The problem says: Find the point (coordinates $(x,y)=~?$) which is symmetrical to the point $(4,-2) $ considering the given equation $y=2x-3$
I have found the perpendicular line-slope $y=-~\frac{1}{2}x$ and the
intersection point which is shown in the graph $\left(\frac{6}{5},\frac{-3}{5}\right)$
I'm somehow unable to find the $x$ and $y$ I have found the distance based on the point and point distance equation:$$d(p_1,p_2)= \sqrt{(x_2-x_1)^2+(y_2-y_1)^2}=\sqrt{\left(\frac{6}{5}-4\right)^2+\left(-\frac{3}{5}+2\right)^2}= \frac{7\sqrt{5}}{5}$$
$$d_1=d_2=d(p_1,p_2)$$
So now I know the distance, the min. distance to the unknown point is the same.
What is the easiest way to find the symmetrical $x$ and $y$ coordinates?
(This is a high school problem)
Best Answer
I think you're over-thinking it. When you have the intersect point and another point, you just duplicate the difference to get the point on the other side.

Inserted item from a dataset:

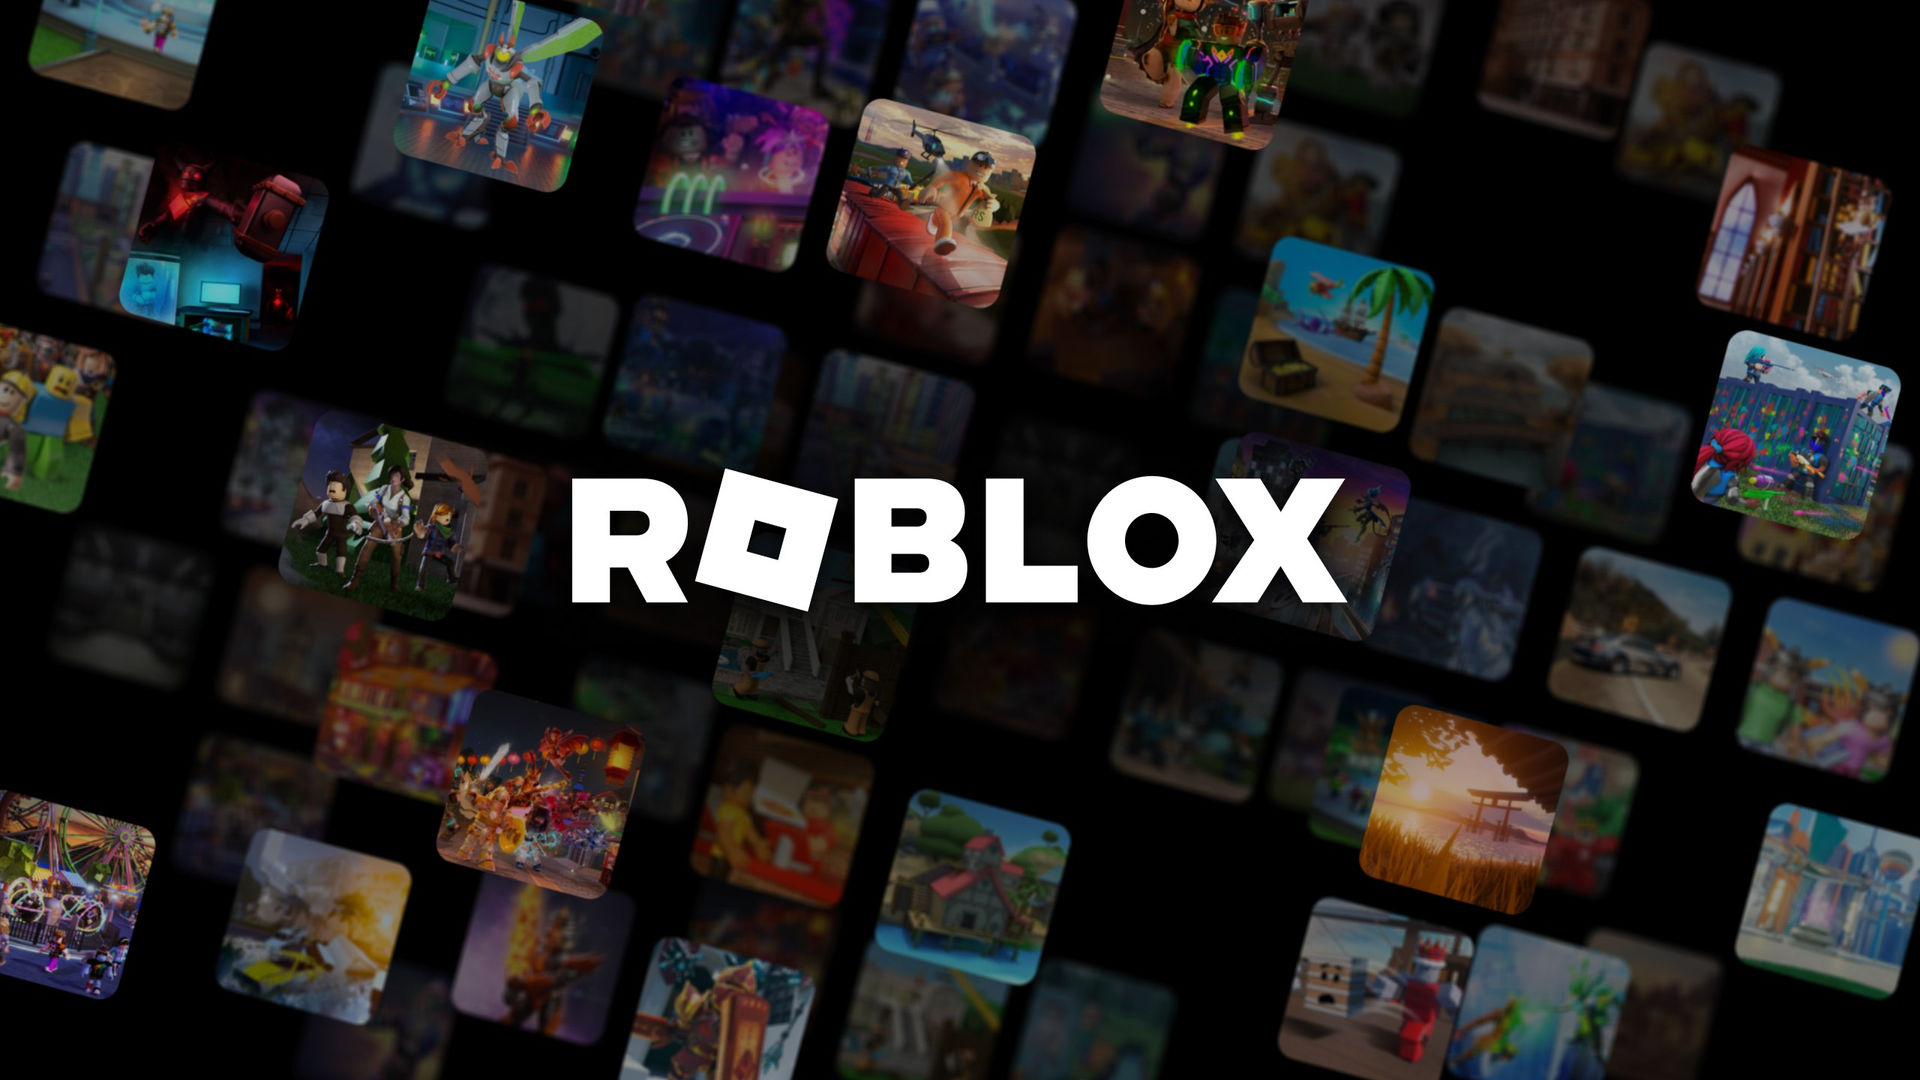 Game Roblox HD Pictures.  Gaming wallpapers hd, Roblox pictures, Gaming  wallpapers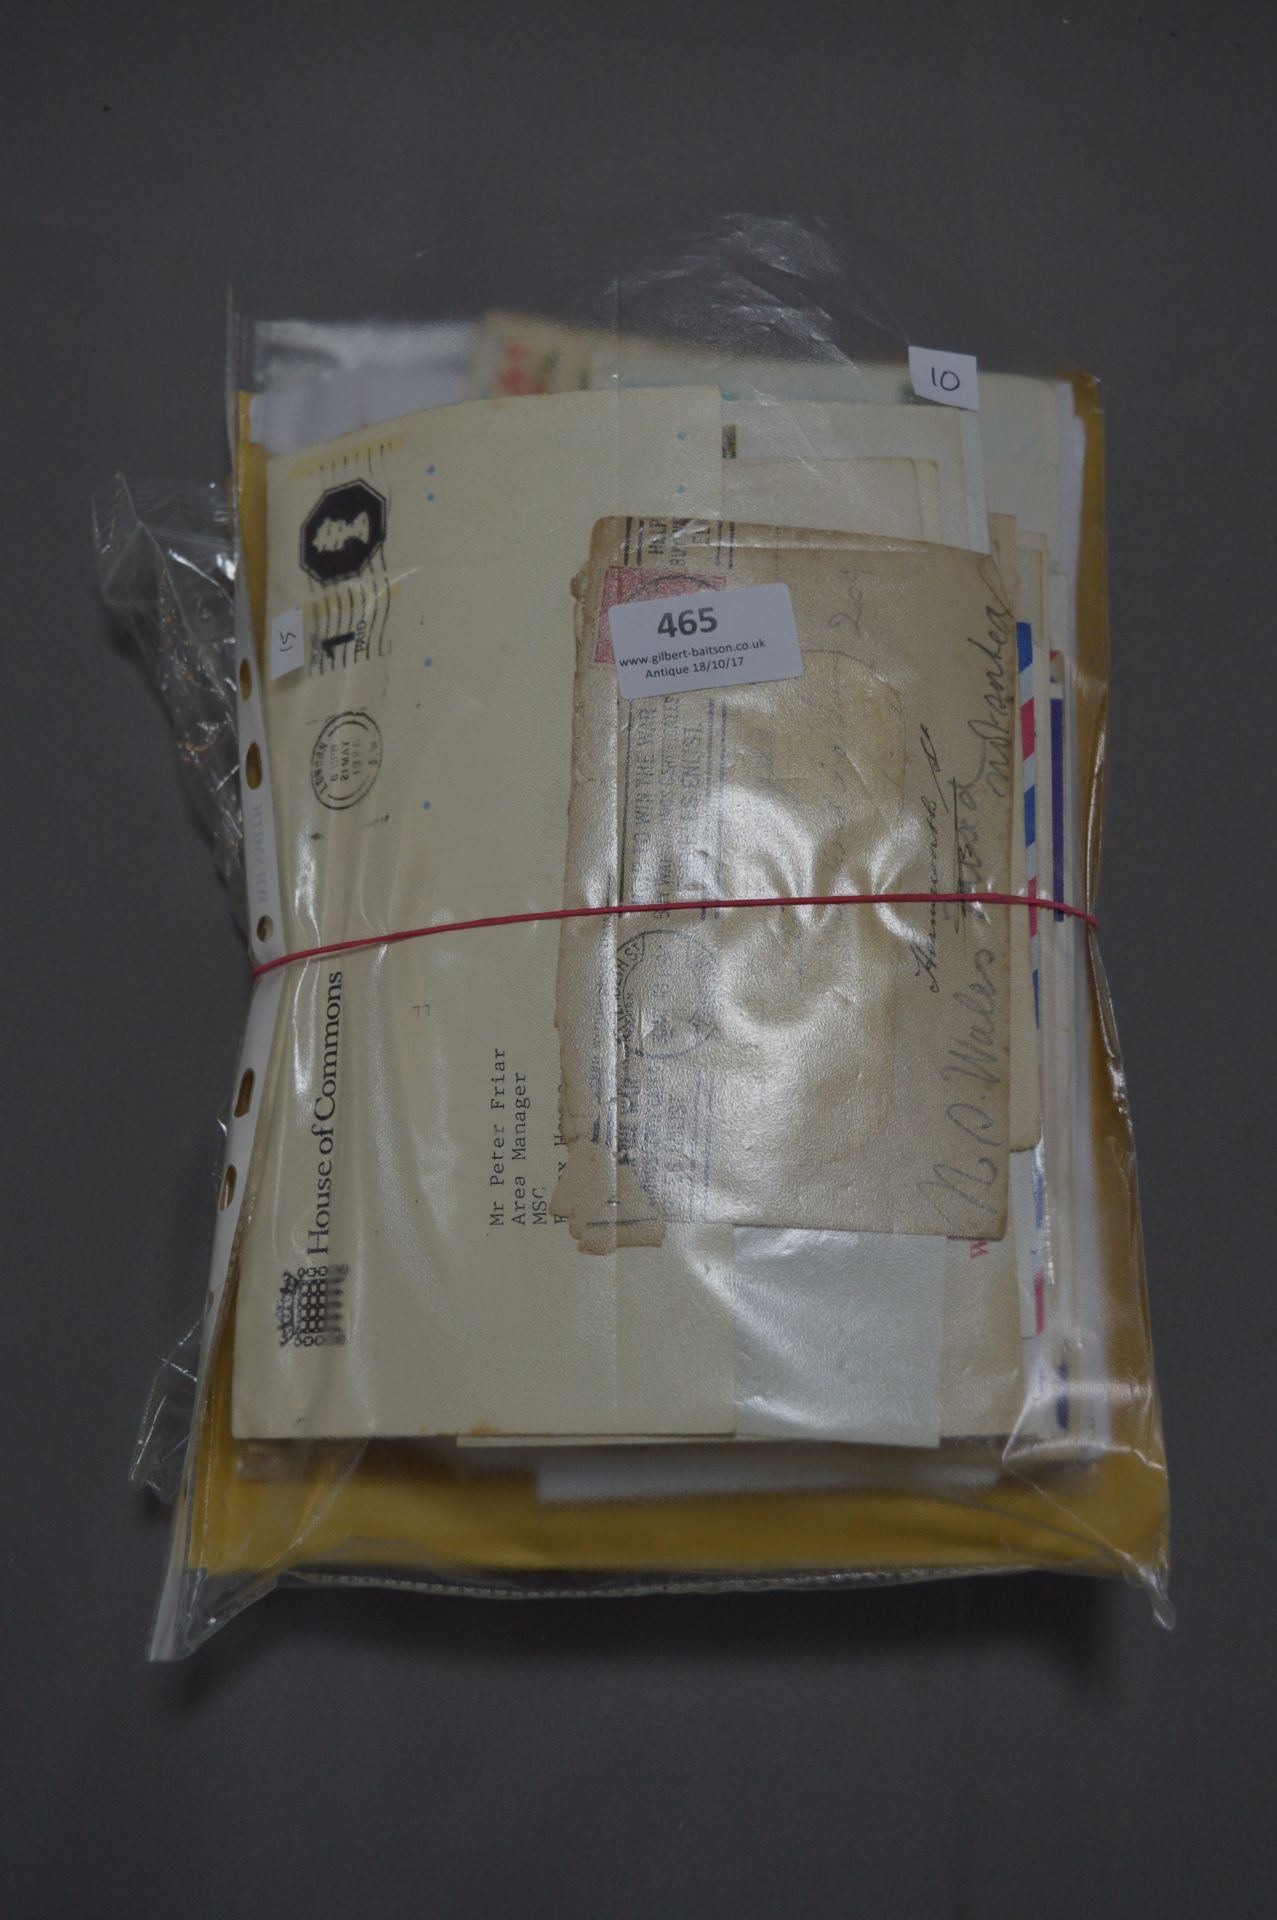 Bag containing Stamped Envelopes

$(\frac{6}{5}, -\frac{3}{5}) - (4, -2)$ is $(-\frac{14}{5}, \frac{7}{5})$
That is what you need to add to the point to get to your intersect point, so either add that do your intersect point, or double it and add it to the initial point to get the point on the other side:
$(-\frac{8}{5}, \frac{4}{5})$
Another option would just be to calculate the x difference and double it to get the opposite x coordinate and pop that into your perpendicular line equation.
Full:
Initial equation: $y = 2x - 3$
Point: $(4, -2)$
So any equation perpendicular to the initial one will have slope $-\frac{1}{2}$ as you suggest. You might have already found the full equation for the line to find your point, but plug in the $y$ value for the given point of -2 and solve for b:
$y = -\frac{1}{2}x$ + b
$b=y +\frac{1}{2}x$
$b=-2 + \frac{1}{2}4$
$b= 0$
So the formula for the perpendicular line passing through point $(4, -2)$ is $y = -\frac{1}{2}x$
Solving to find the intersection point to get the $x$ you set both equations to be equal and solve for x:
$2x - 3 = -\frac{1}{2}x$
$\frac{5x}{2} = 3$
$5x = 6$
$x = \frac{6}{5}$
Plugging that into either equation gives your intersect point:
$(\frac{6}{5},-\frac{3}{5})$
Ok, so now how do you find a point the same distance on the perpendicular line passing through $(4, -2)$? To get from $(4, -2)$ to $(\frac{6}{5}, -\frac{3}{5})$ you have to move $\frac{6}{5} - 4$ in the x direction and $-\frac{3}{5} - -2$ in the y direction, or $(-\frac{14}{5}, \frac{7}{5})$
Add that to the intersect point and you get the point on the opposite side, $(-\frac{8}{5}, \frac{4}{5})$. Plug the x value into your perpendicular equation:
$y = -\frac{1}{2}x$
$y = (-\frac{1}{2}) (-\frac{8}{5}$)
$y = \frac{8}{10}$
$y = \frac{4}{5}$